* [Task objective]: With the pictures left out, transcribe exactly the lines from the one with "Food is medicine, hospital" through the end of the data.

* [Supplied information]:
* * *
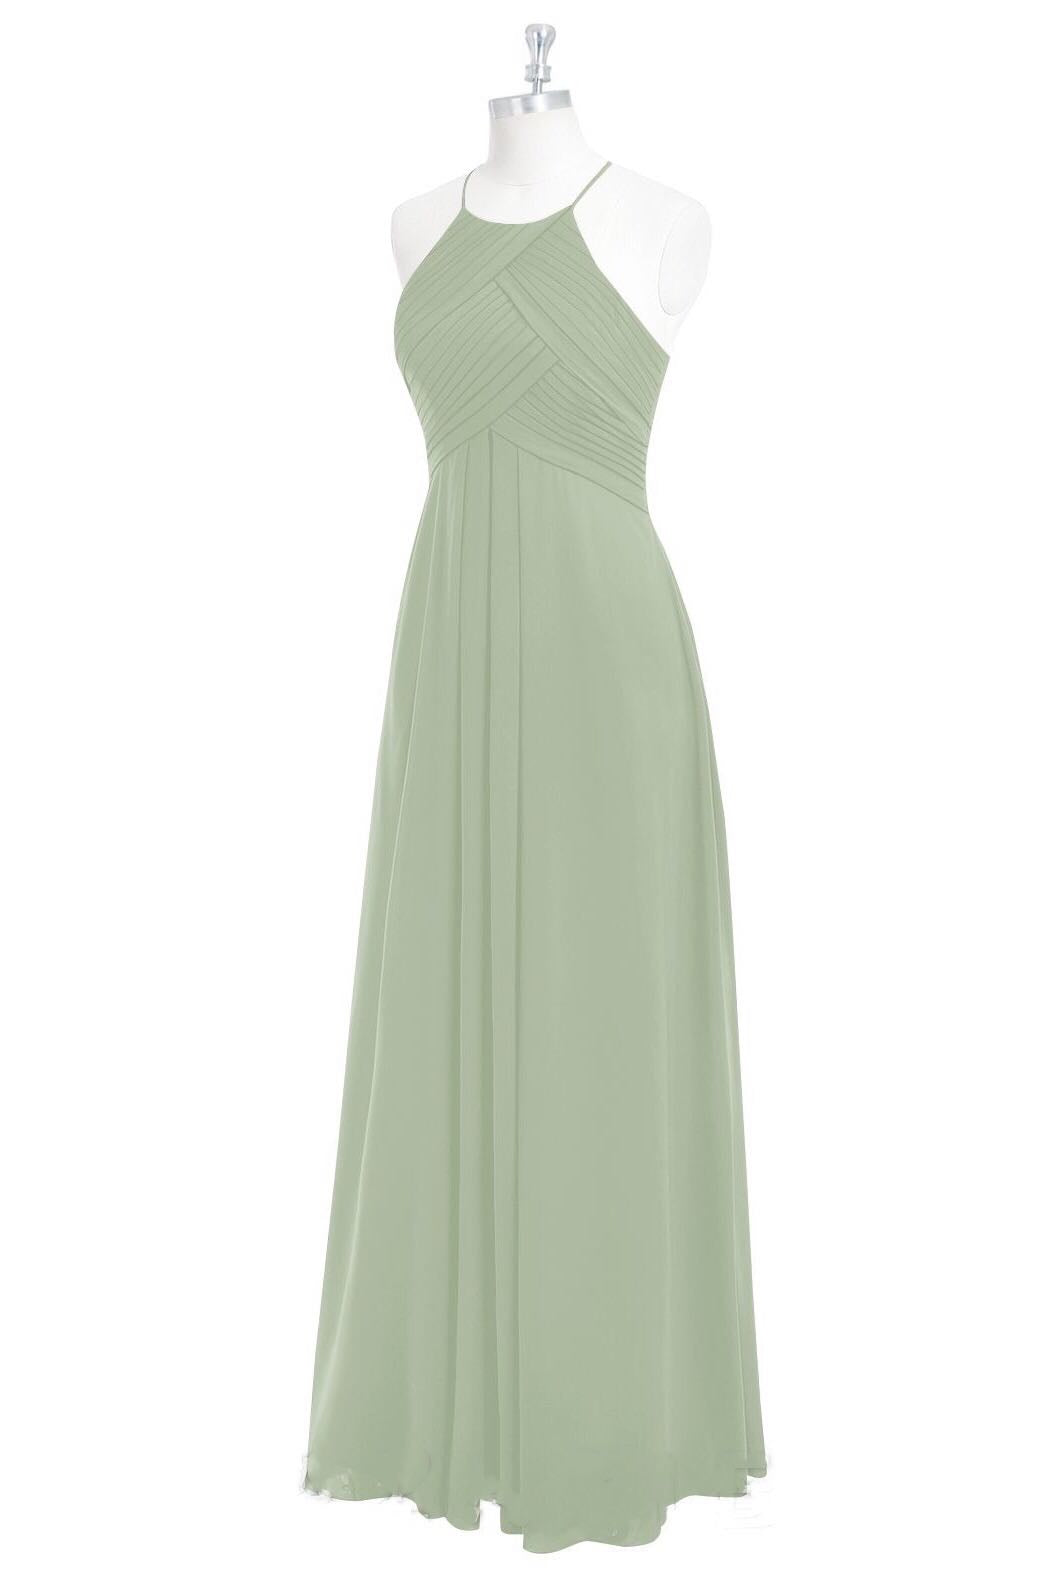 Sage Green Halter A-Line Long Bridesmaid Dress
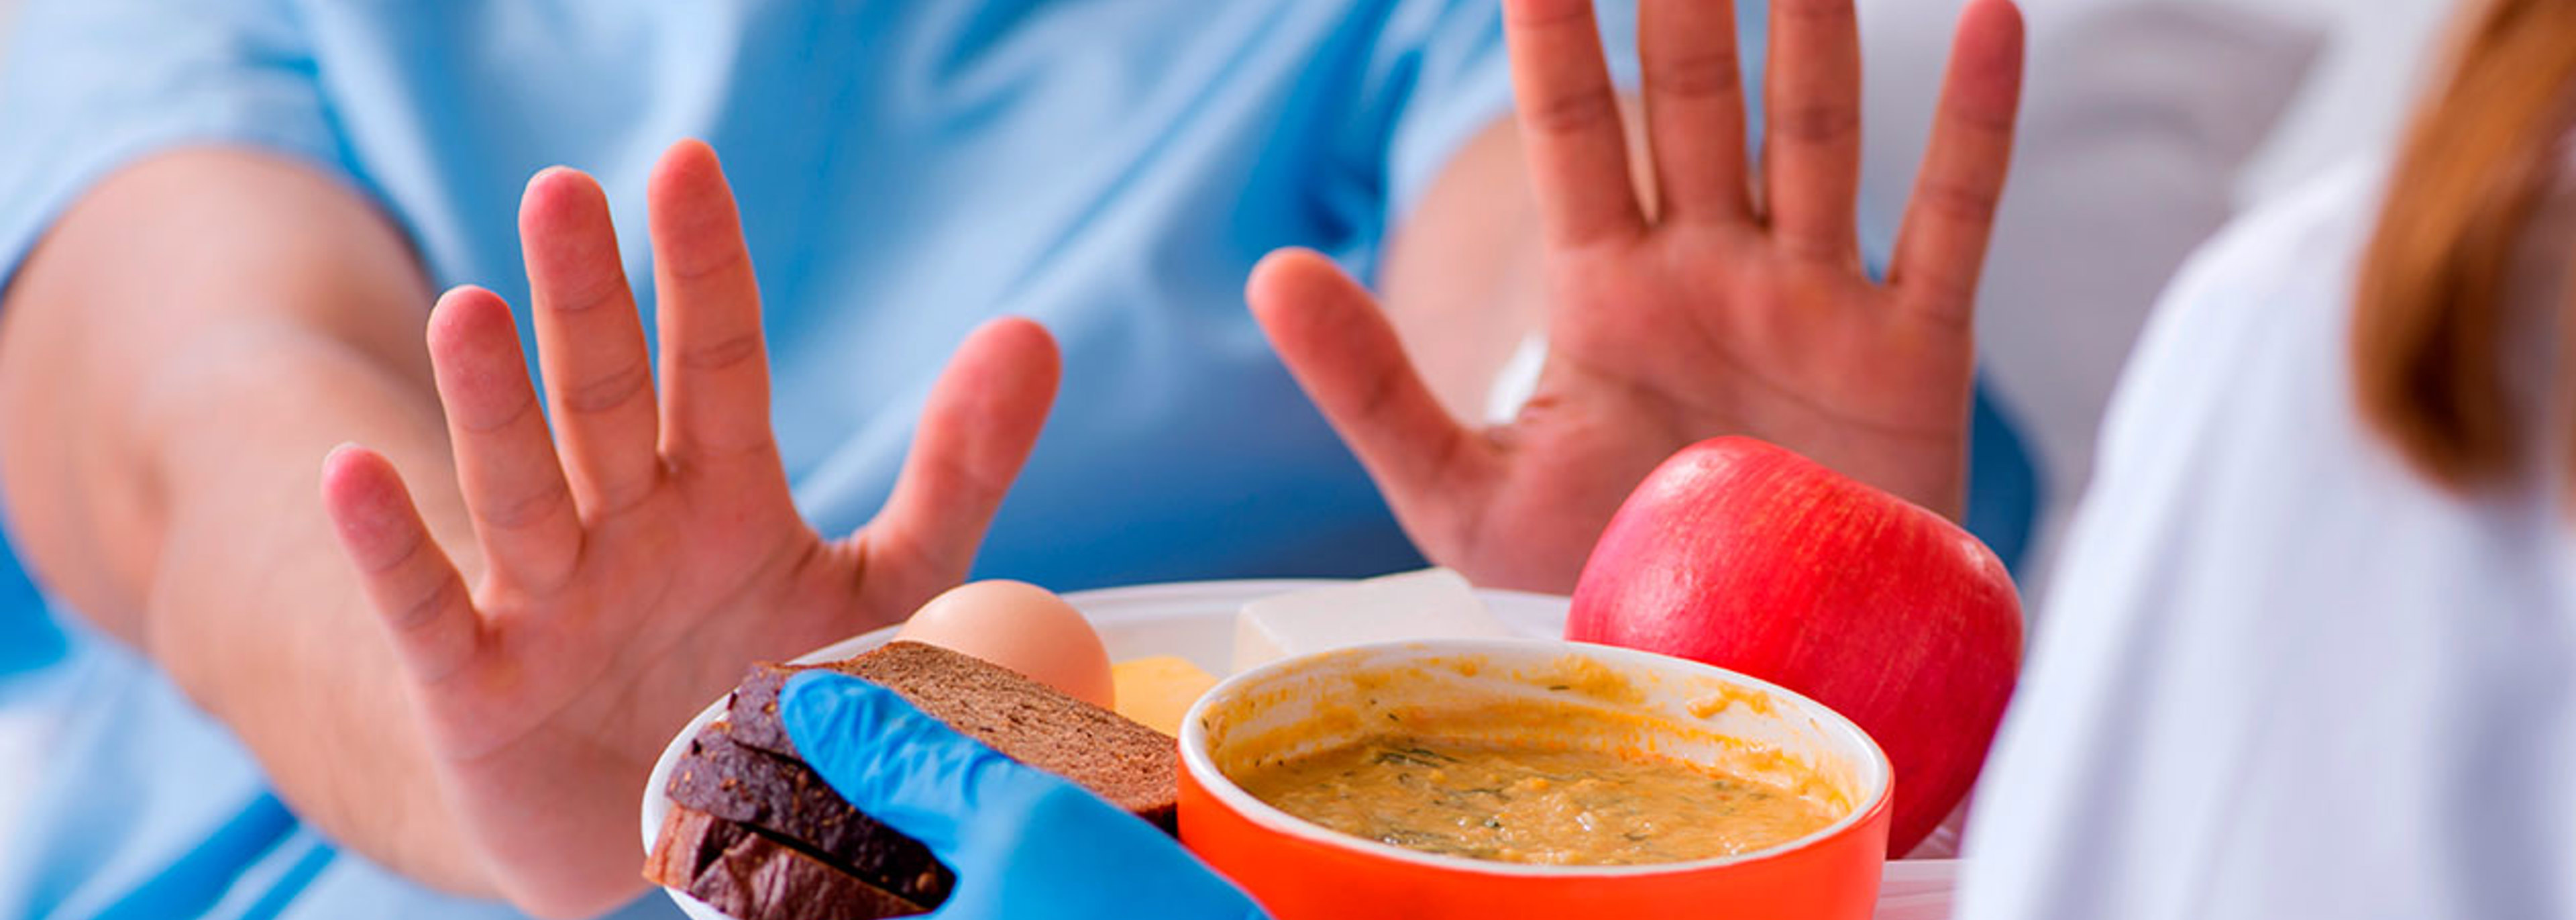 Food is medicine, hospital meals review finds
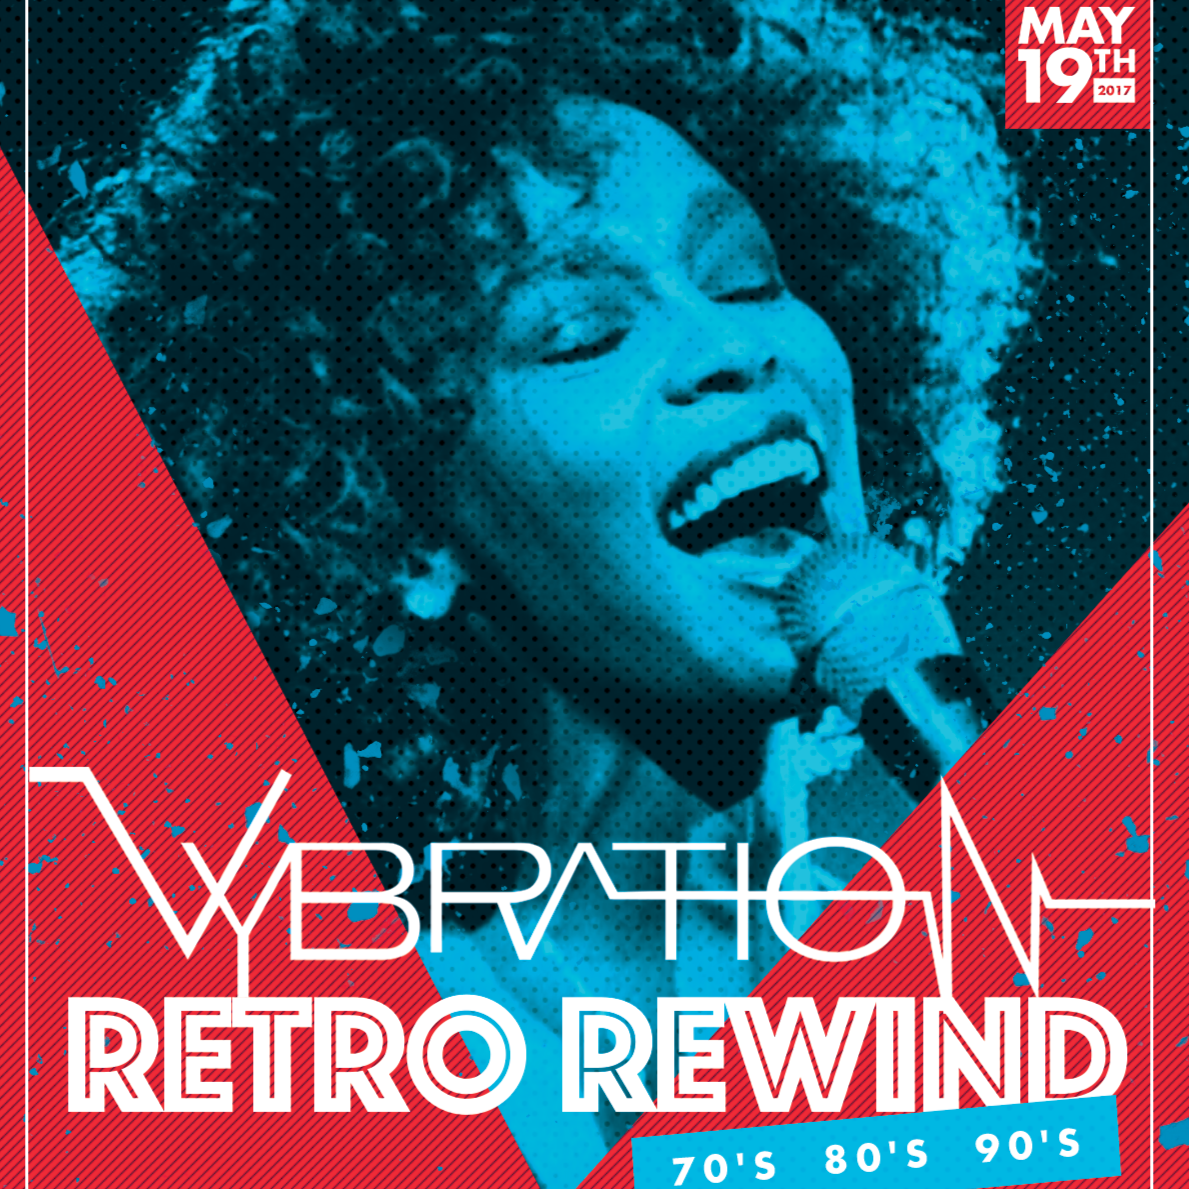 VYBration Retro Rewind Edition
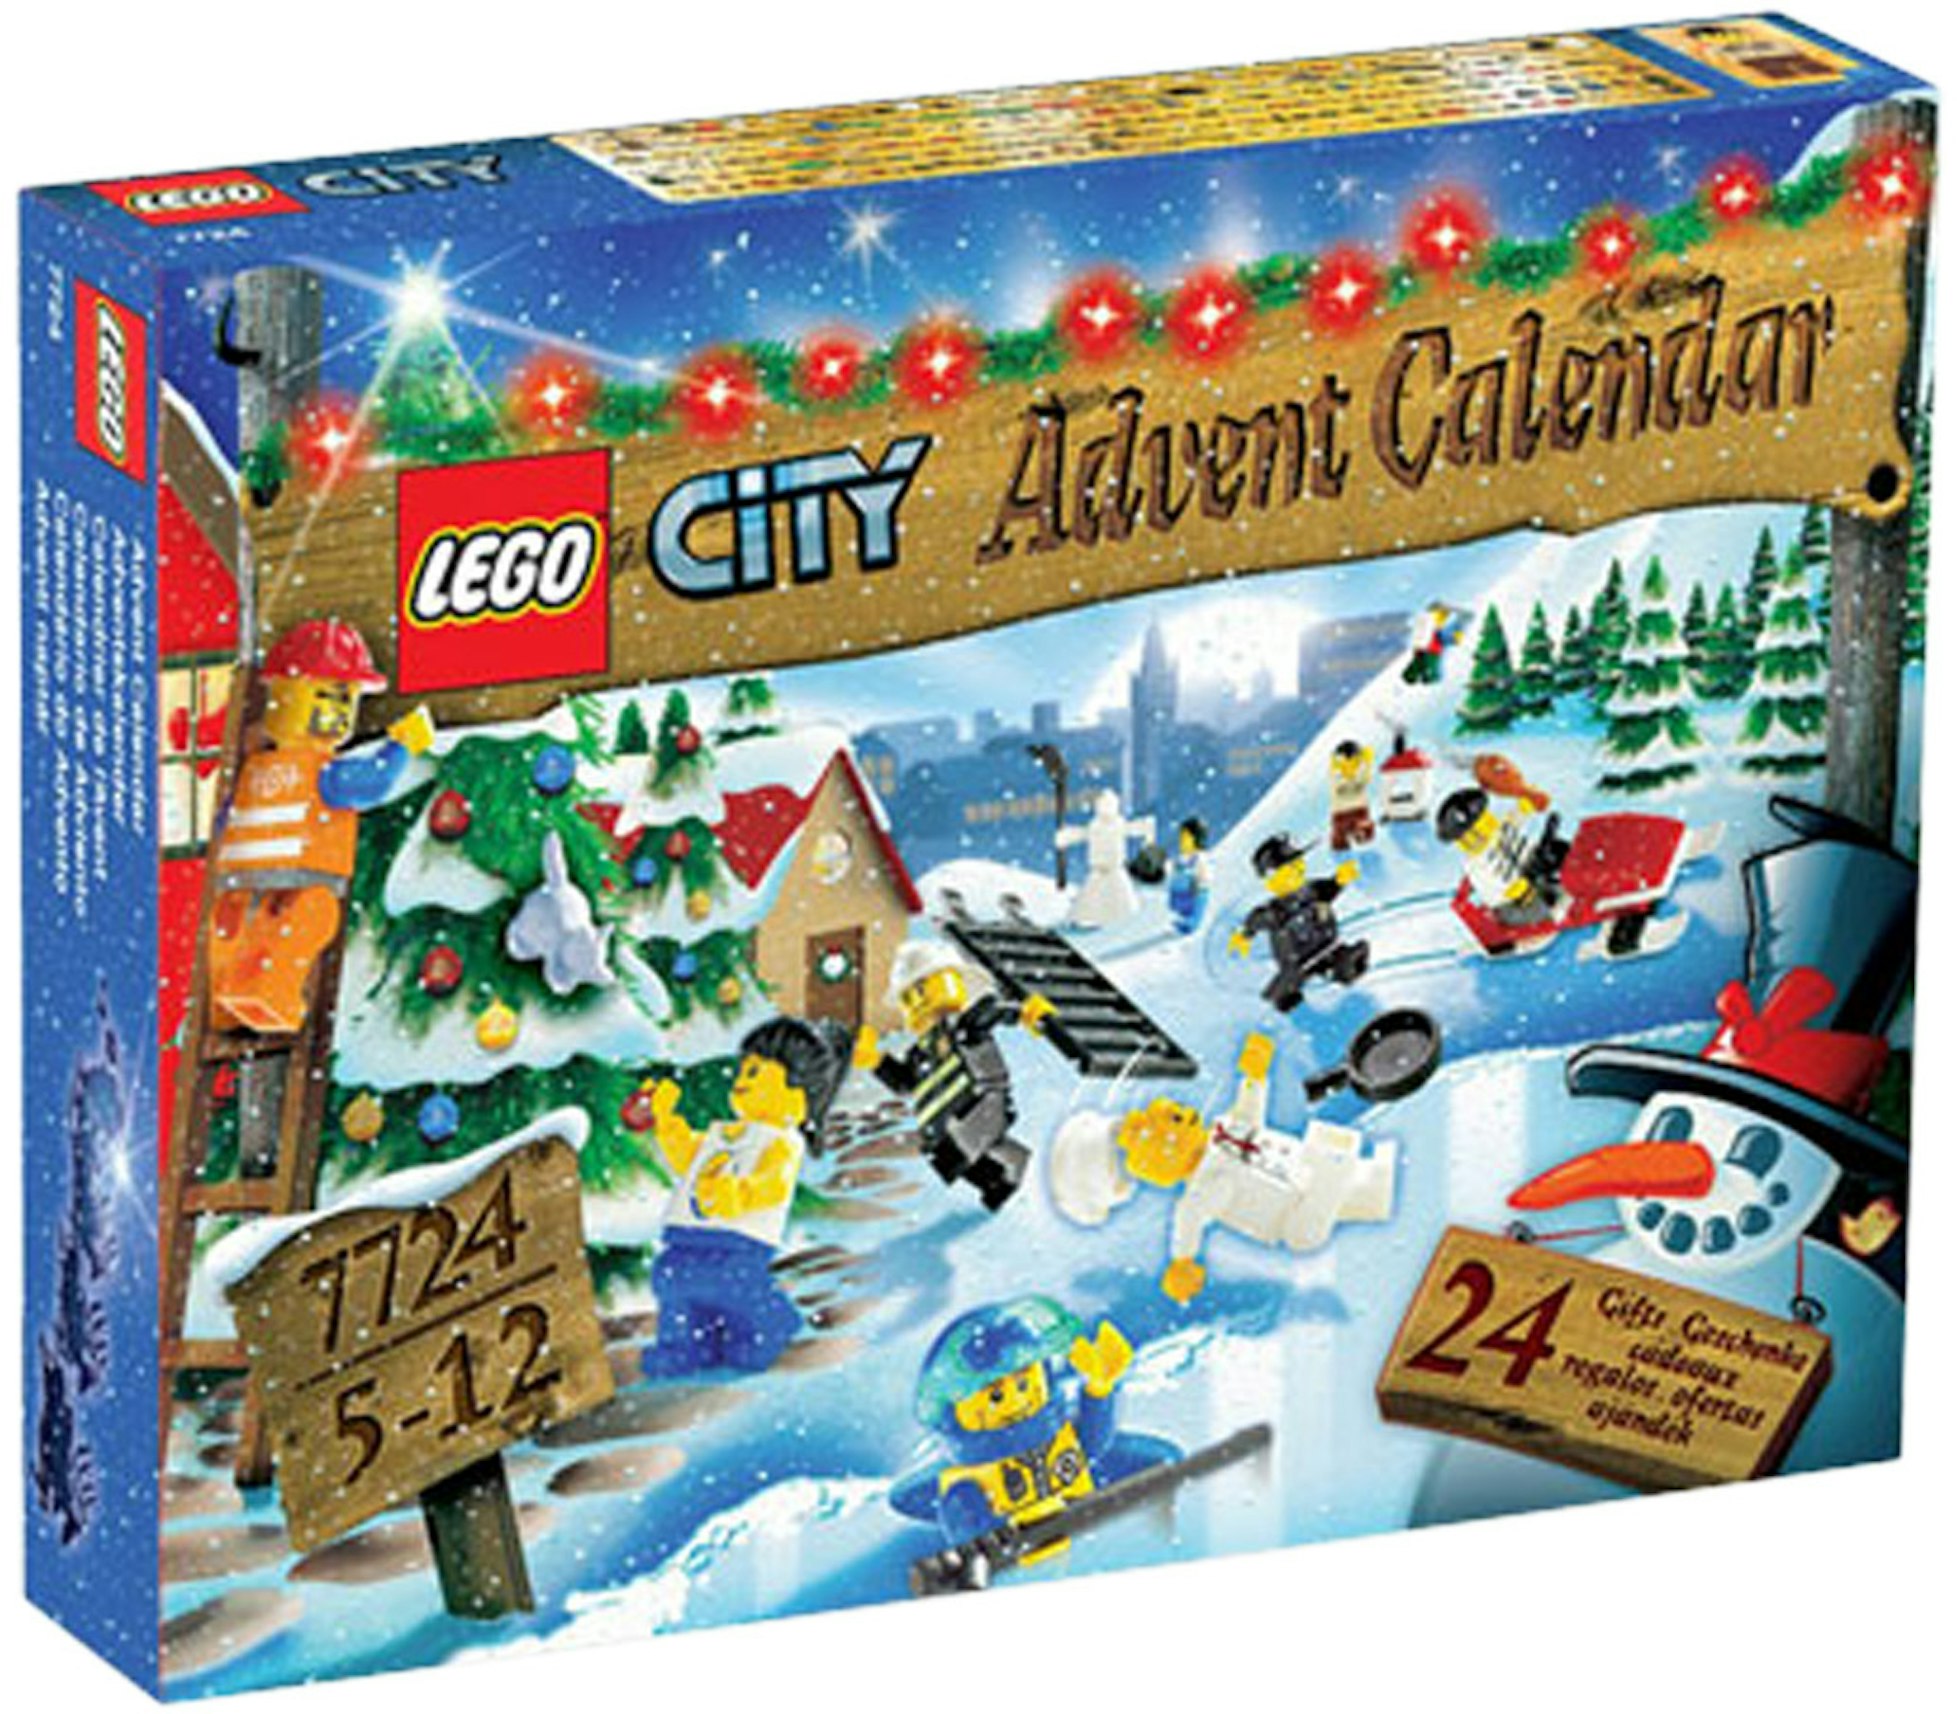 LEGO City Advent Set 7724 - US
* * *
* [Solution]:
 Food is medicine, hospital meals review finds
 VYBration Retro Rewind Edition
 LEGO City Advent Set 7724 - US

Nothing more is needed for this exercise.